-- Opening Marker --
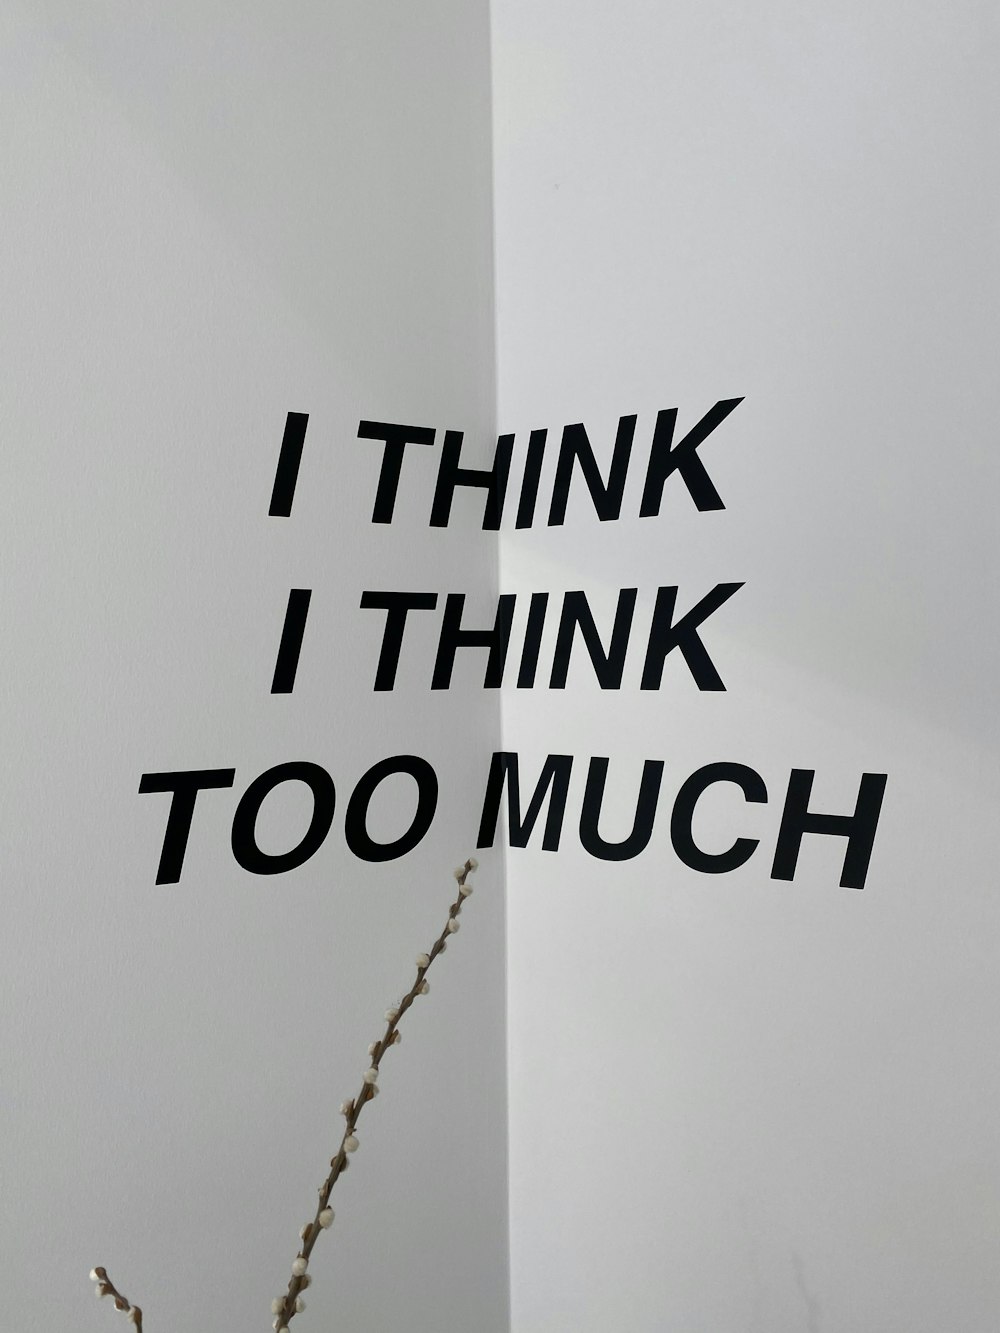 i think i think i think i think i too much
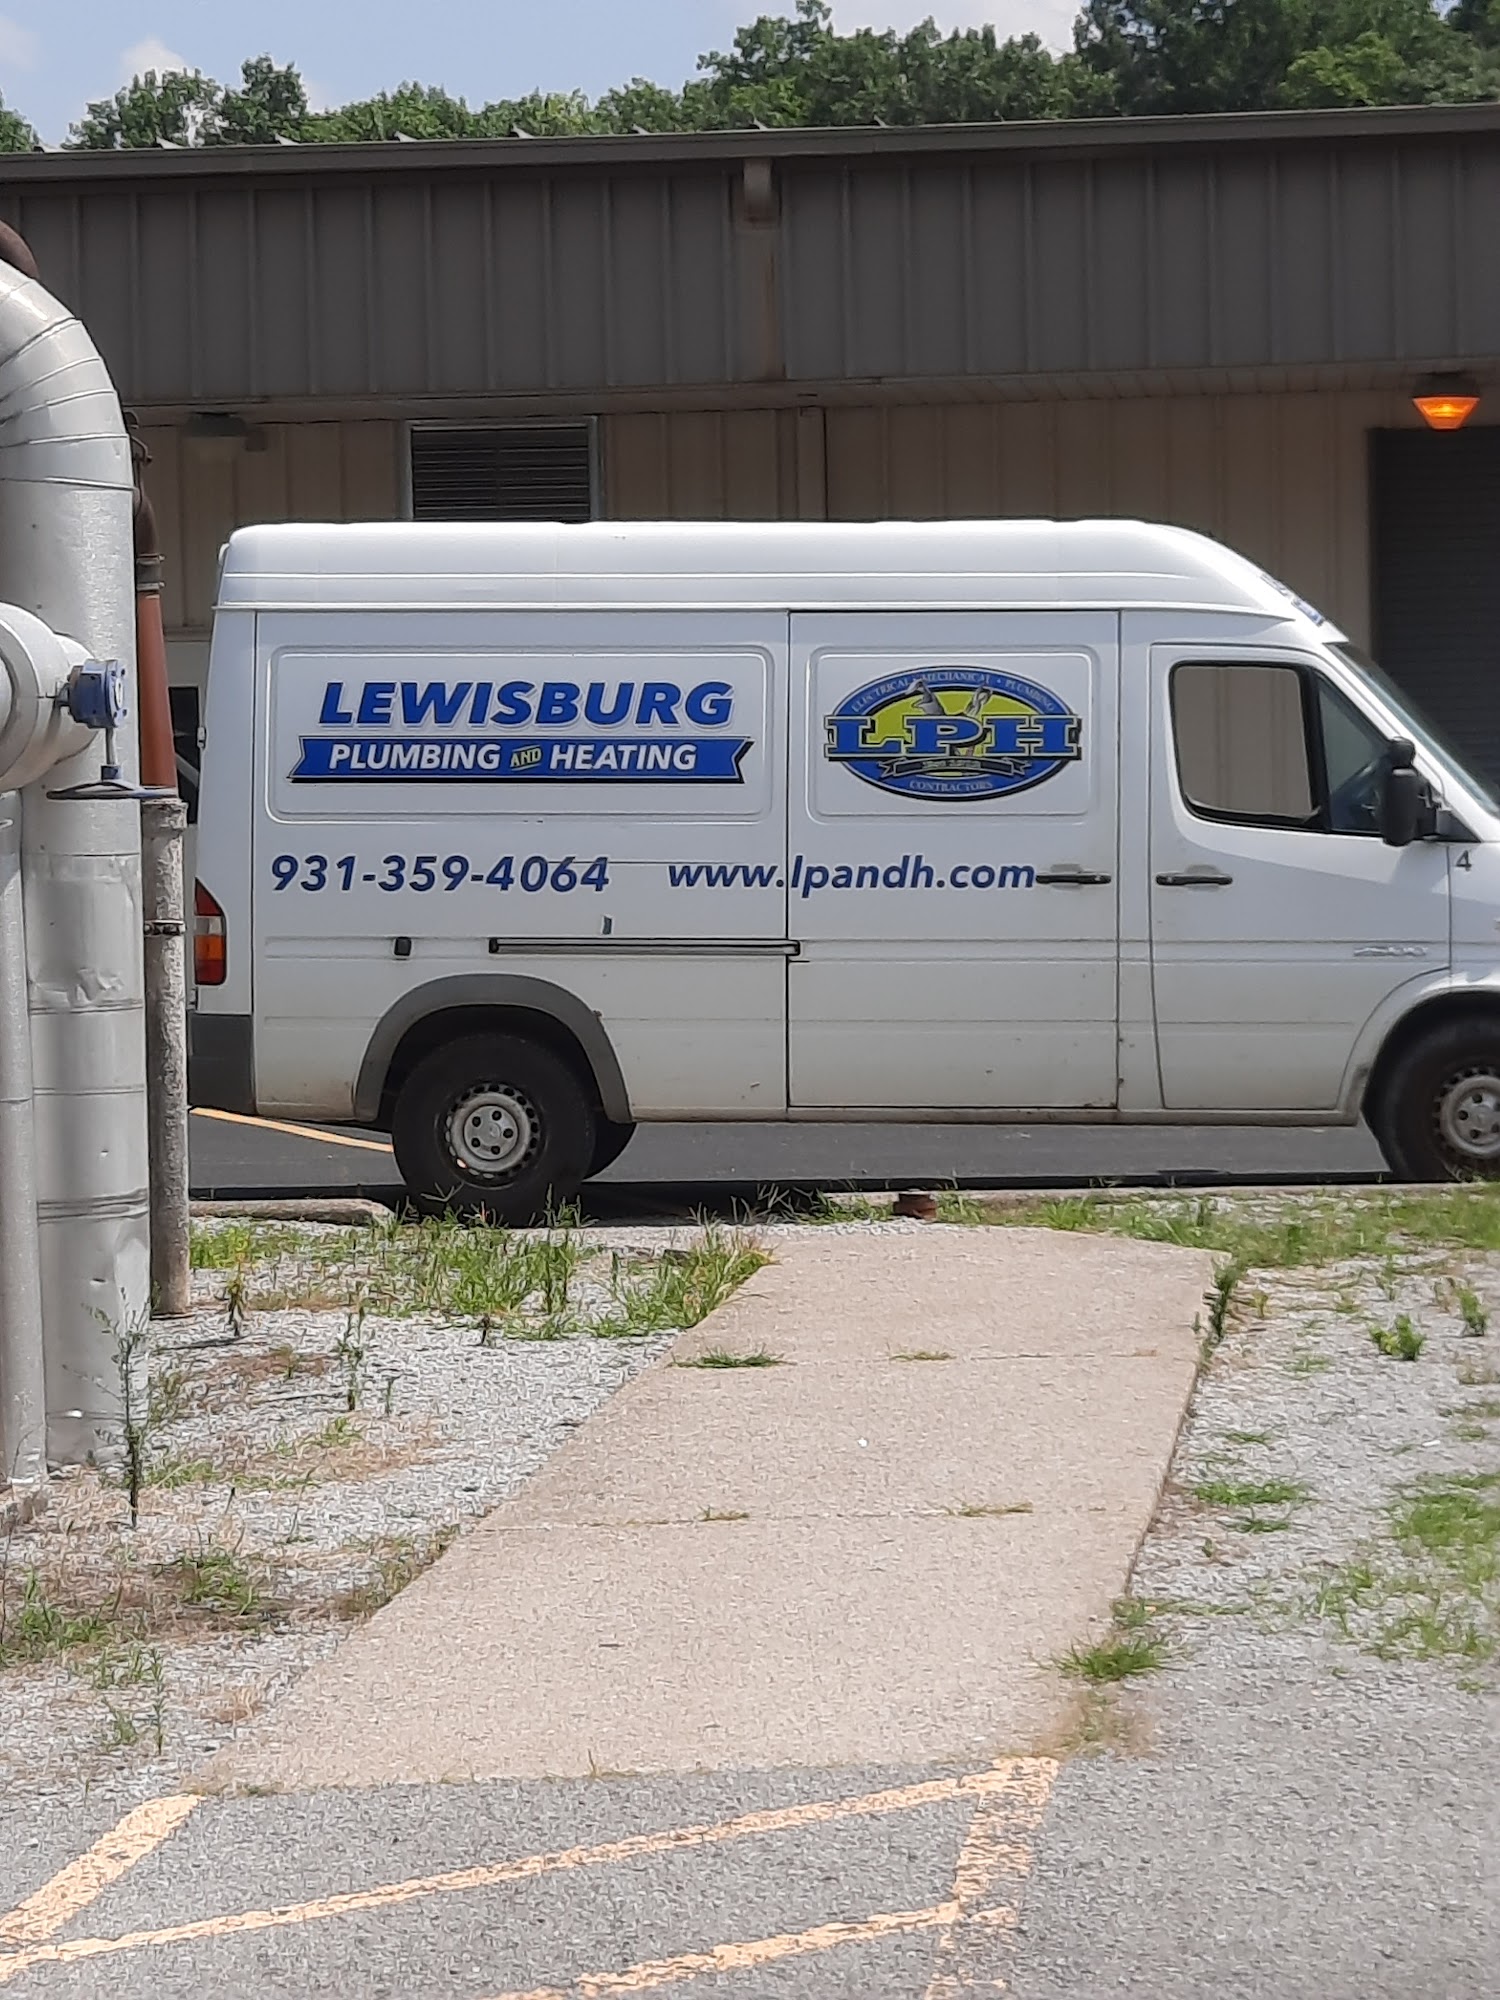 Lewisburg Plumbing & Heating 1621 Nashville Hwy, Lewisburg Tennessee 37091
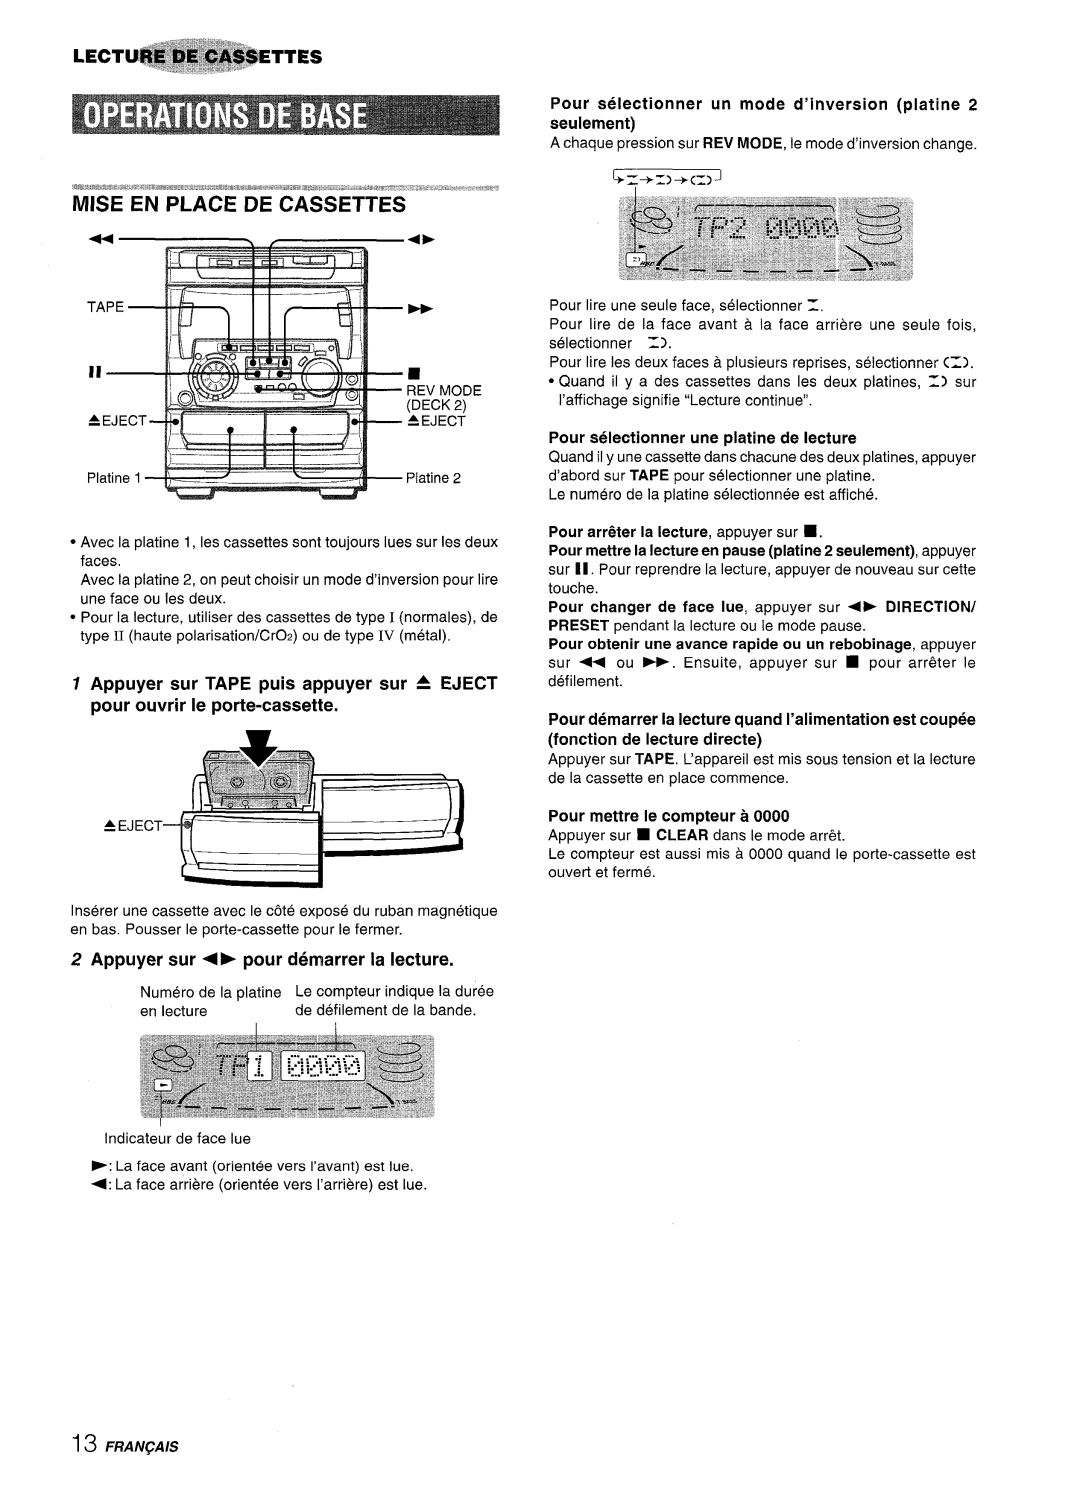 Sony NSX-A707 manual Appuyer sur, pour demarrer la lecture, Pour selectionner un mode d’inversion platine
-- Closing Marker --
- [What you will do]:
Set down the line containing "Lewisburg Plumbing &", then every later line through the end of the material, exactly as written; omit any picture.

- [Your response]:
 Lewisburg Plumbing & Heating 1621 Nashville Hwy, Lewisburg Tennessee 37091
 Sony NSX-A707 manual Appuyer sur, pour demarrer la lecture, Pour selectionner un mode d’inversion platine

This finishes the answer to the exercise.